Testing, uncertainty, and visualization in \(2^3\) designs.
Df Sum Sq Mean Sq F value Pr(>F)
A 1 41311 41311 18.339 0.002679 **
B 1 218 218 0.097 0.763911
C 1 374850 374850 166.411 1.23e-06 ***
A:B 1 2475 2475 1.099 0.325168
A:C 1 94403 94403 41.909 0.000193 ***
B:C 1 18 18 0.008 0.930849
A:B:C 1 127 127 0.056 0.818586
Residuals 8 18020 2253
---
Signif. codes: 0 '***' 0.001 '**' 0.01 '*' 0.05 '.' 0.1 ' ' 1
Consider the regression view of this situation.
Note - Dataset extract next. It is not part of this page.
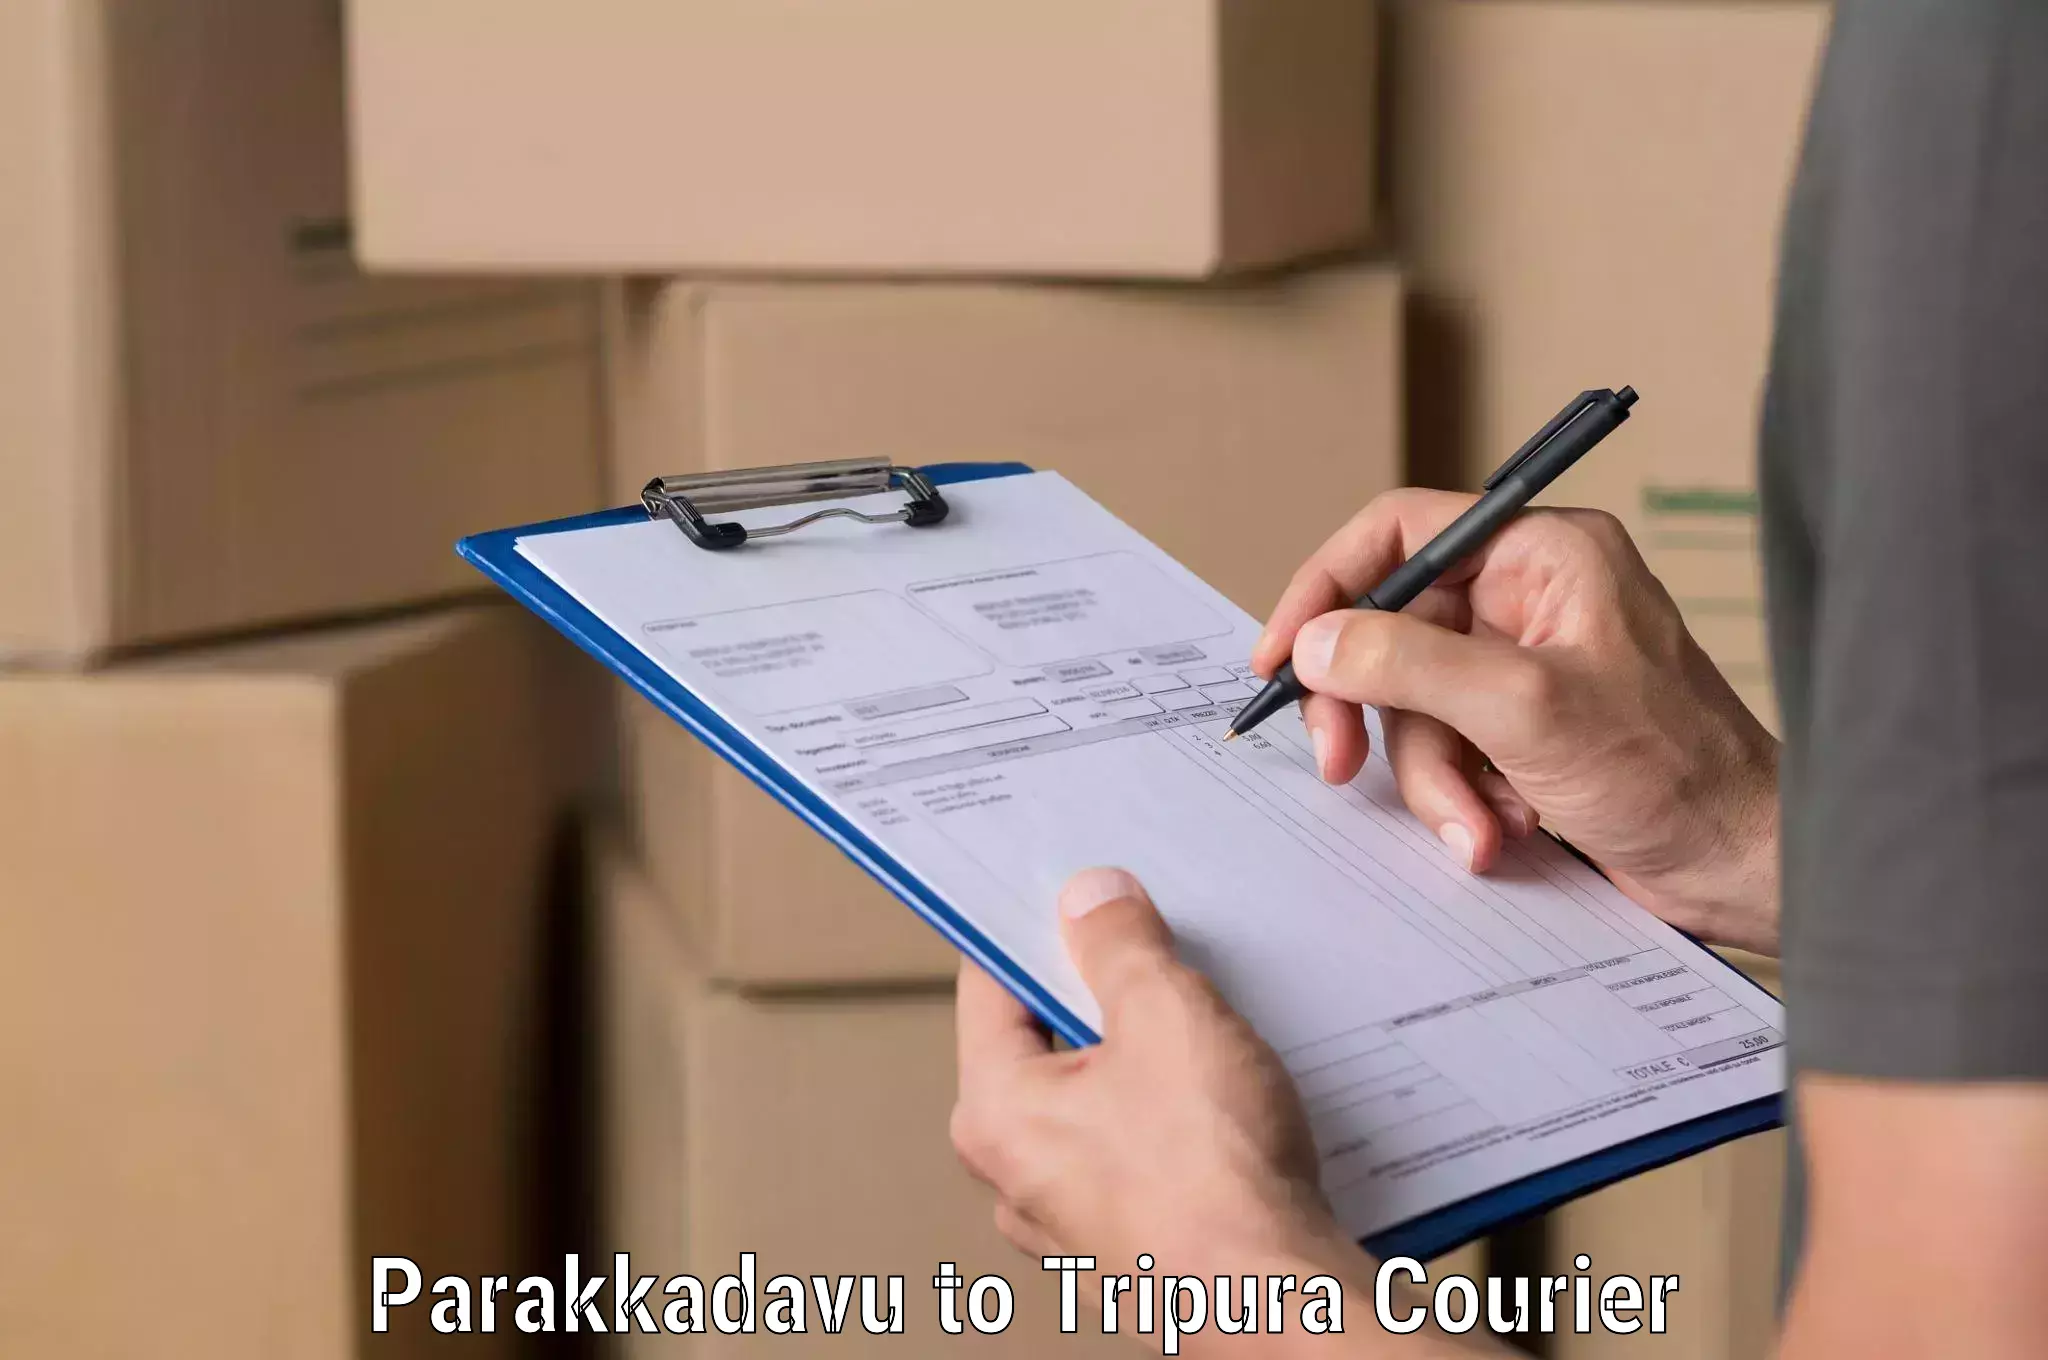 24-hour courier service Parakkadavu to Tripura

The full model would be \[y_{i} = \beta_0 + \sum_{k = 1}^{3} \beta_k x_{ik} + \sum_{\text{pairs } k, k^\prime} \beta_{k k^\prime} x_{ik}x_{ik^{\prime}} + \epsilon_{i}\] though we will often be interested in whether a submodel (which discards some of the main or interaction effects) can do as well.
To compare a full model with a submodel, we can use the relative sums of squares,
\[R^2 = \frac{SS_{\text{Model}}}{SS_{\text{Total}}} = 1 - \frac{SS_{E}}{SS_{\text{Total}}}\]
Variance estimate for effect of A
\[\begin{align*} \text{Var}\left(\text{Effect }A\right) &= \text{Var}\left(\frac{1}{2^{K - 1} n}\left(a - b - c + ab + ...\right)\right) \\ &= \left(\frac{1}{2^{K - 1} n}\right)^2\text{Var}\left(a - b - ac + ab + ...\right) \end{align*}\]
But remember that \(a\) refers to the sum of all samples at corner \(a\), and likewise for \(b\), \(ac\), etc., \[\begin{align*} \text{Var}\left(a - b - ac + ab + ...\right) &= \text{Var}\left(\sum_{\text{corner } a}y_{i} - \sum_{\text{corner }b}y_{i} - \sum_{\text{corner }ac}y_{i} + ...\right) \\ &= \sum_{\text{corner } a}\text{Var}\left(y_i\right) + \sum_{\text{corner }b}\text{Var}\left(y_i\right) + ... \\ &= 2^K n \sigma^2 \end{align*}\]
so at the end of the day, we get \[\begin{align*} \text{Var}\left(\text{Effect }A\right) &= \frac{\sigma^2}{2^{K - 2}n} \end{align*}\]
and we can estimate \(\sigma^2\) by the error sum of squares \(S^2\). From these variance estimates, we can build confidence intervals that summarize all the effects.
summary(fit)
Call:
lm(formula = Rate ~ A * B * C, data = plasma)
Residuals:
Min 1Q Median 3Q Max
-65.50 -11.12 0.00 11.12 65.50
Coefficients:
Estimate Std. Error t value Pr(>|t|)
(Intercept) 776.062 11.865 65.406 3.32e-12 ***
A -50.812 11.865 -4.282 0.002679 **
B 3.688 11.865 0.311 0.763911
C 153.062 11.865 12.900 1.23e-06 ***
A:B -12.437 11.865 -1.048 0.325168
A:C -76.812 11.865 -6.474 0.000193 ***
B:C -1.062 11.865 -0.090 0.930849
A:B:C 2.813 11.865 0.237 0.818586
---
Signif. codes: 0 '***' 0.001 '**' 0.01 '*' 0.05 '.' 0.1 ' ' 1
Residual standard error: 47.46 on 8 degrees of freedom
Multiple R-squared: 0.9661, Adjusted R-squared: 0.9364
F-statistic: 32.56 on 7 and 8 DF, p-value: 2.896e-05
Everything we’ve spoken about can be generalized to the case of arbitrary numbers of factors. For example, the table notation can be used to get effect estimate for interaction ABCD listed before equation 6.22 in the book, and the sum of squares remain just the normalized square of the contrasts.
The key observation is that the regression representation continues to be true even for large \(K\). In particular, the effect estimates and their standard errors will always be twice the coefficients of the regression onto coded factors. For example, the code below manually estimates A’s effect and compares it with the coefficient in the regression,
mean(plasma$Rate[plasma$A == 1] - plasma$Rate[plasma$A == -1])
[1] -101.625
2 * coef(fit)["A"]
A
-101.625
This means we can use general regression machinery, without having to manually substitute into formulas for different effects. This connection will be explored in more depth in the next few weeks.